The key assumptions concerning the future and other key sources of estimation uncertainty at the reporting date, that have a significant risk of causing a material adjustment to the carrying amounts of assets and liabilities within the next financial year, are described below. The Company based its assumptions and estimates on parameters available when the financial statements were prepared. Existing circumstances and assumptions about future developments, however, may change due to market changes or circumstances arising beyond the control of the Company. Such changes are reflected in the assumptions when they occur.
(a) Property Plant & Equipment
The company has estimated the useful life of Property, Plant and Equipment and Investment Property as per the useful life prescribed in Schedule II of the Companies Act, 2013.
(b) Taxes
(i) The Company’s tax charge is the sum of the total current and deferred tax charges. The calculation of the Company’s total tax charge necessarily involves a degree of estimation and judgment in respect of certain items whose tax treatment cannot be finally determined until resolution has been reached with the relevant tax authority or, as appropriate, through a formal legal process.

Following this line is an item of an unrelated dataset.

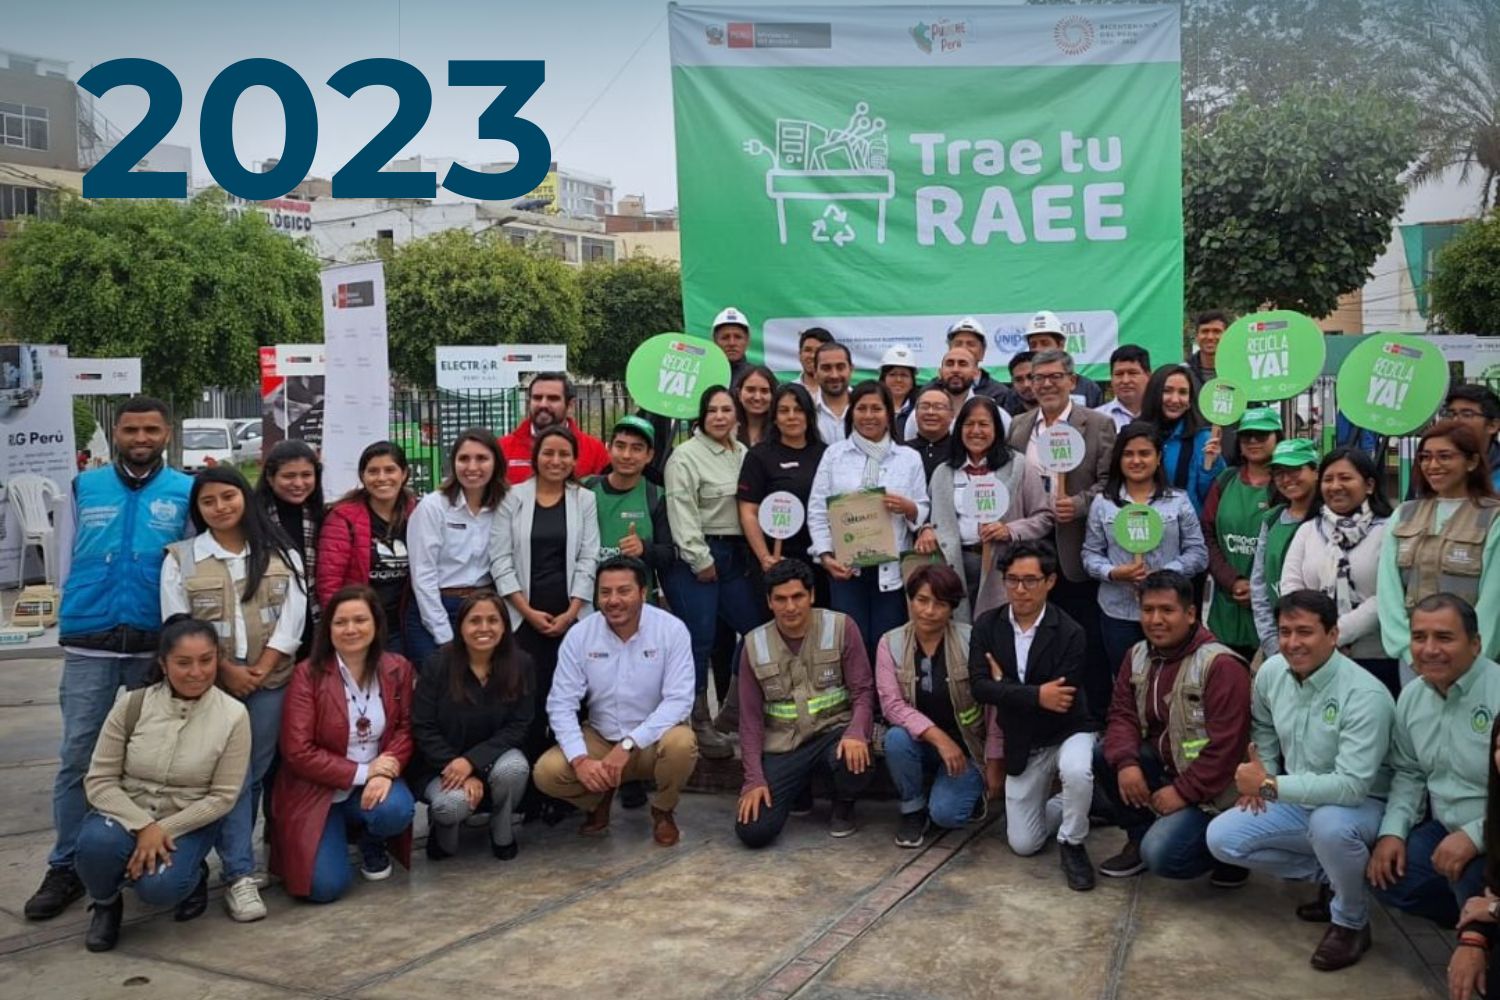 Un grupo de personas posa para una foto en un evento de reciclaje con una pancarta grande que dice "Trae tu RAEE" y carteles que promueven el reciclaje, con el número 2023 superpuesto en la imagen.

(ii) Accruals for tax contingencies require management to make judgments and estimates in relation to tax related issues and exposures.
(iii) The recognition of deferred tax assets is based upon whether it is more likely than not that sufficient and suitable taxable profits will be available in the future against which the reversal of temporary differences can be deducted. Where the temporary differences are related to losses, the availability of the losses to offset against forecast taxable profits is also considered. Recognition therefore involves judgment regarding the future financial performance of the particular legal entity or Company in which the deferred tax asset has been recognized.
(c) Defined benefit
The cost of defined benefit plans (i.e. Gratuity benefit) is determined using valuations done by LIC. An actuarial valuation involves making various assumptions which may differ from actual developments in the future. These include the determination of the discount rate, future salary increases, mortality rates and future pension increases. Due to the complexity of the valuation, the underlying assumptions and its longterm nature, a defined benefit obligation is highly sensitive to changes in these assumptions. All assumptions are reviewed at each reporting date. In determining the appropriate discount rate, management considers the interest rates of long term government bonds with extrapolated maturity corresponding to the expected duration of the defined benefit obligation. Further details about the assumptions used, including a sensitivity analysis.